▶ Collected data:

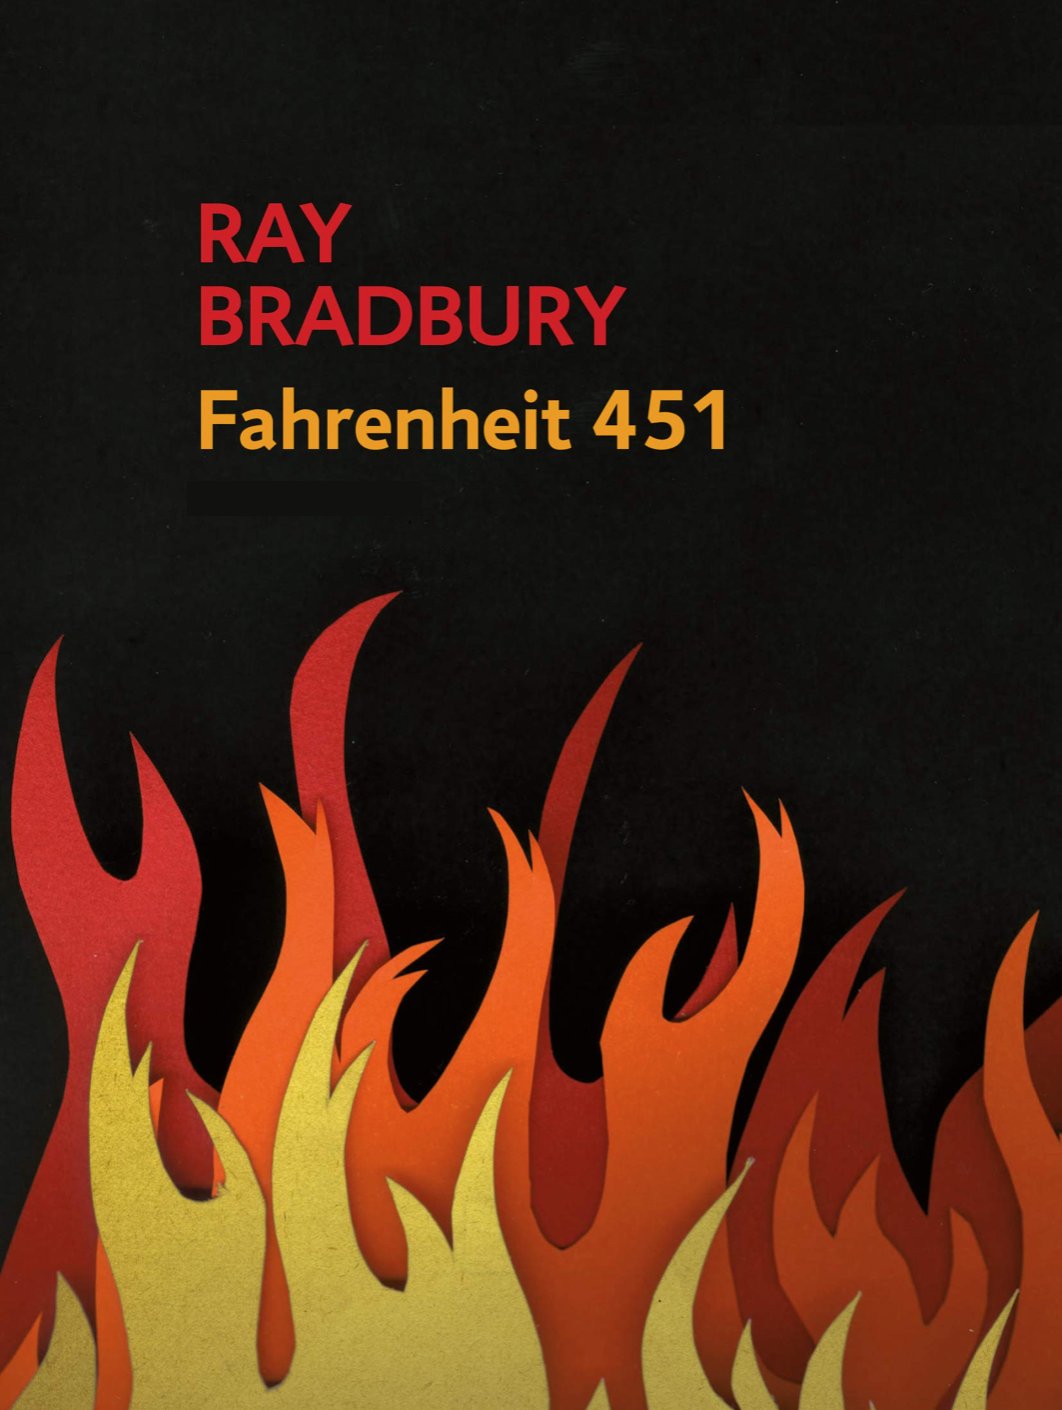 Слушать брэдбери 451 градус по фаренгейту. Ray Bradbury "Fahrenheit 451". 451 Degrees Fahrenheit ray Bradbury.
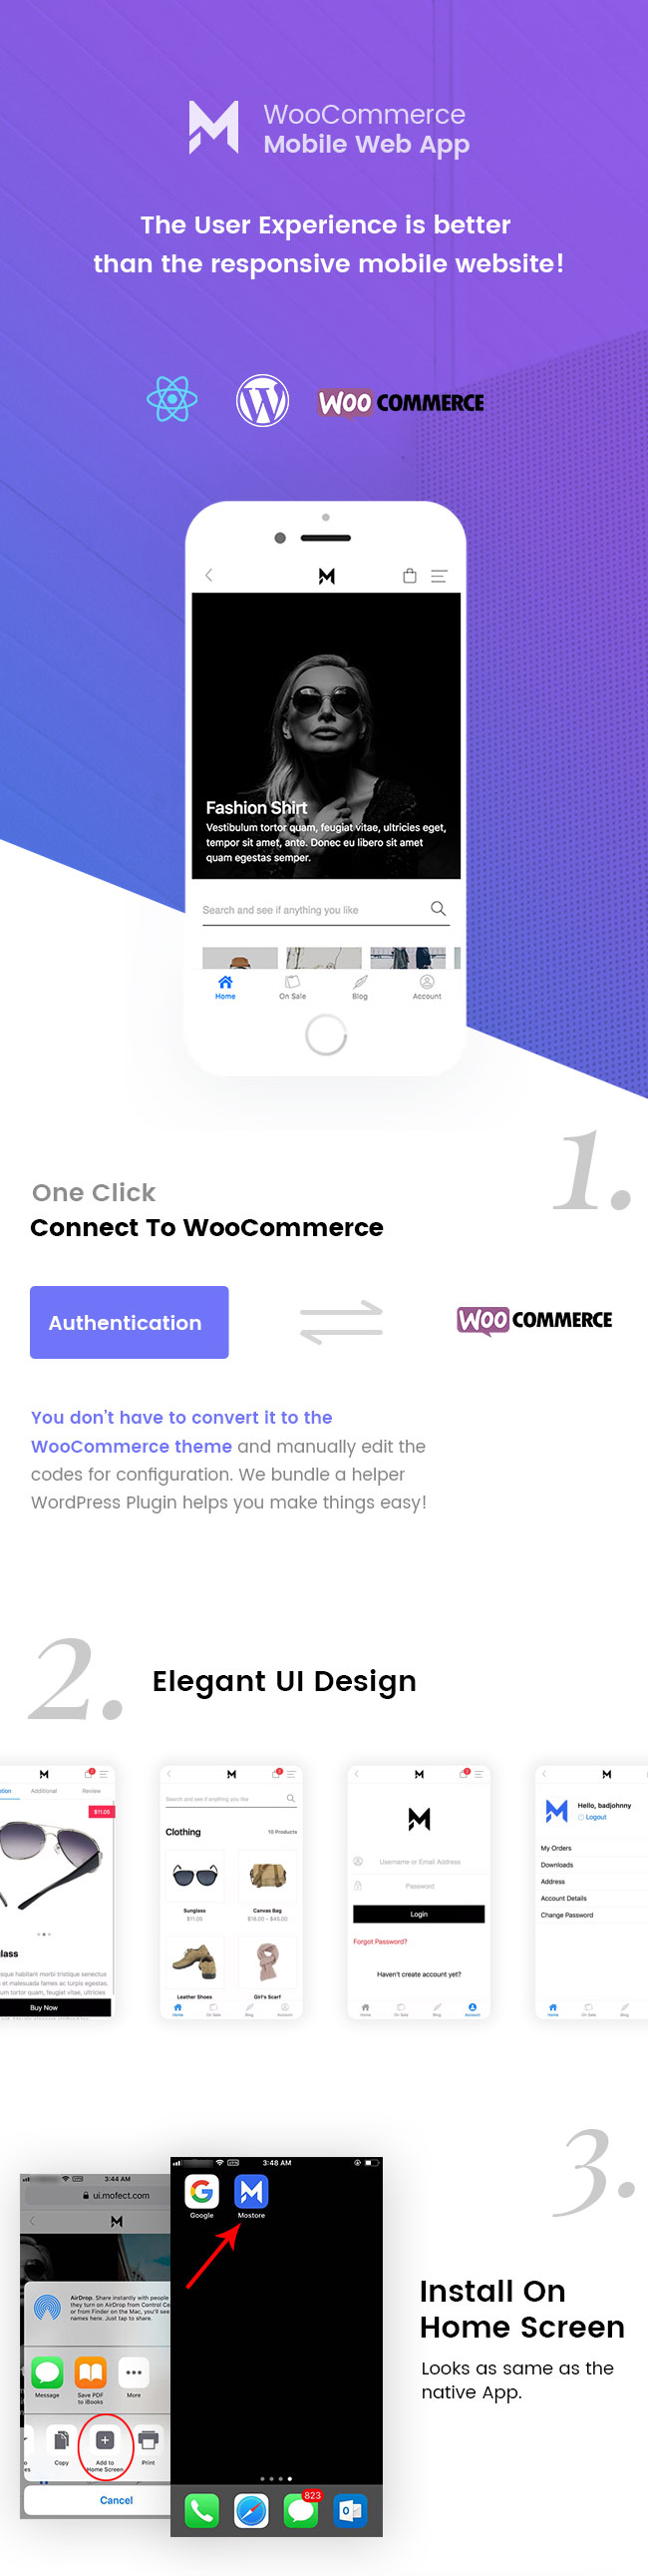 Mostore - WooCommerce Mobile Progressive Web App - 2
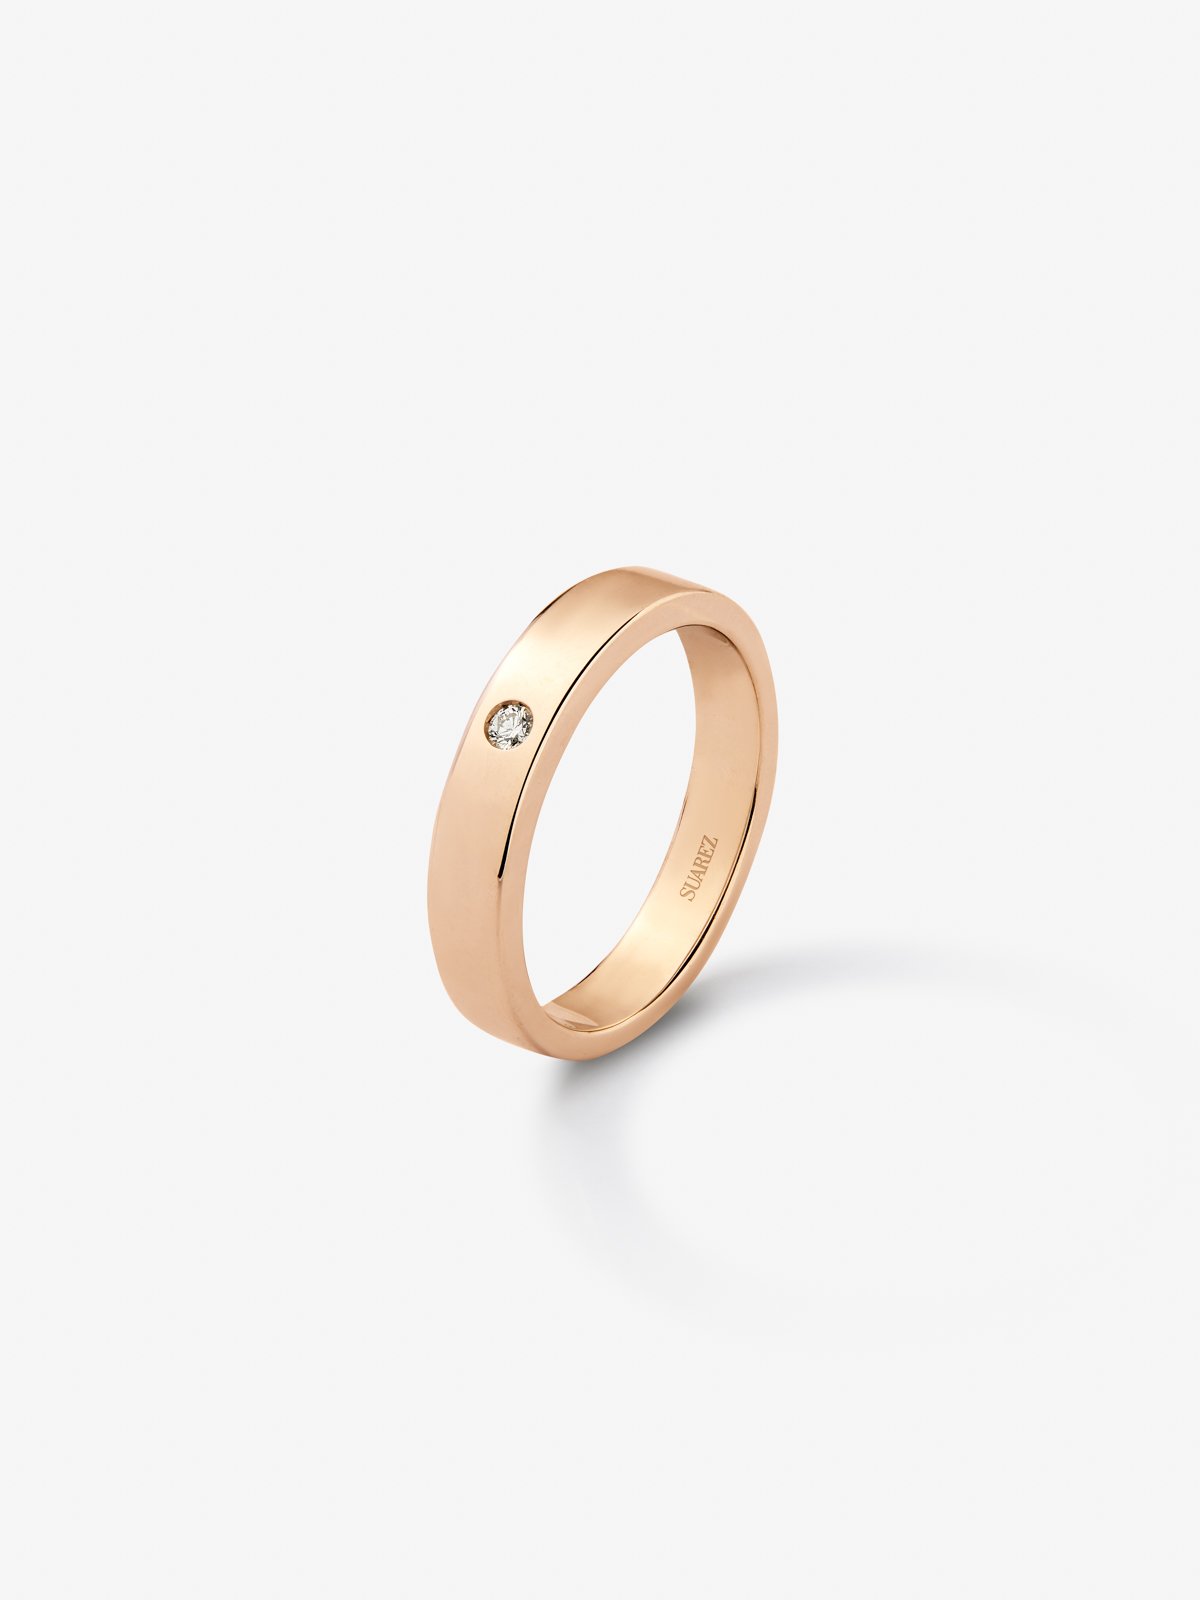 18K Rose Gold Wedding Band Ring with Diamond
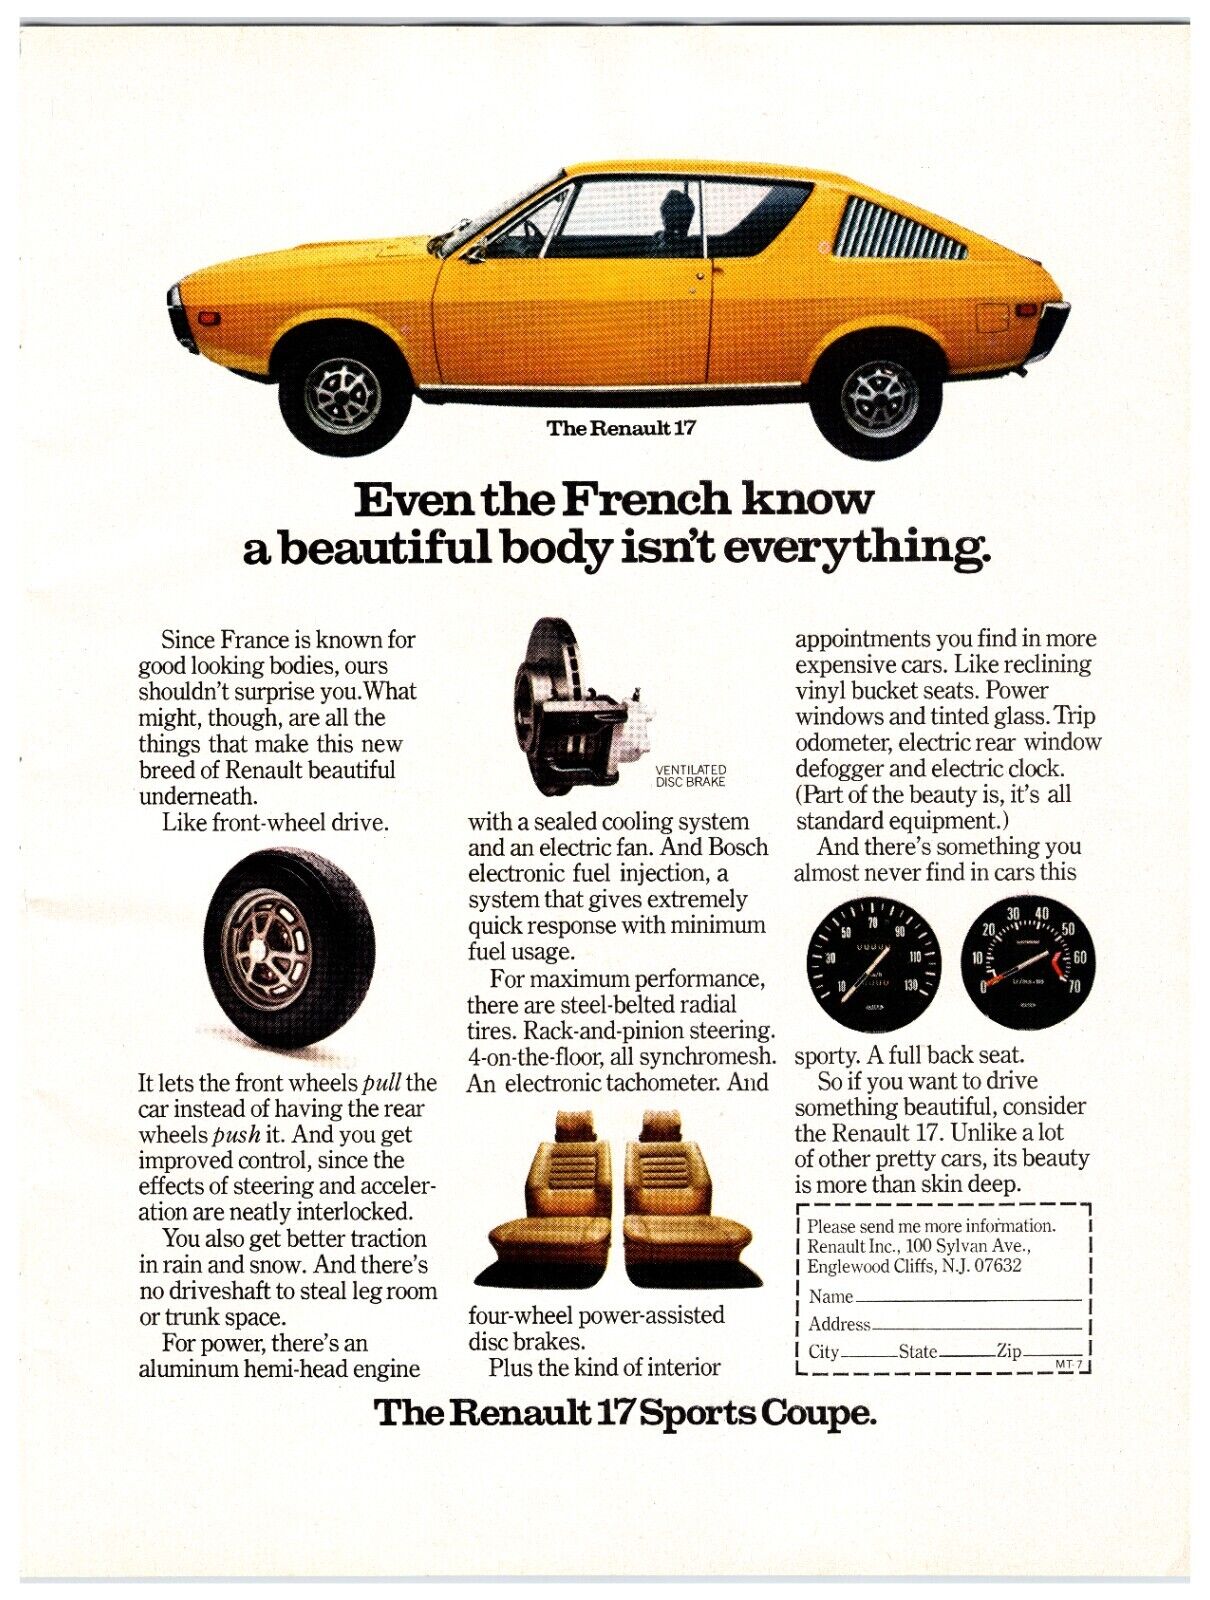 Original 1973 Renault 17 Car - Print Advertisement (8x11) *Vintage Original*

▶ Exercise details: Print out the material word for word, omitting the pictures.

▶ Exercise answer:
 Слушать брэдбери 451 градус по фаренгейту. Ray Bradbury "Fahrenheit 451". 451 Degrees Fahrenheit ray Bradbury.
 Mostore - WooCommerce Mobile Progressive Web App - 2
 18K Rose Gold Wedding Band Ring with Diamond
 Original 1973 Renault 17 Car - Print Advertisement (8x11) *Vintage Original*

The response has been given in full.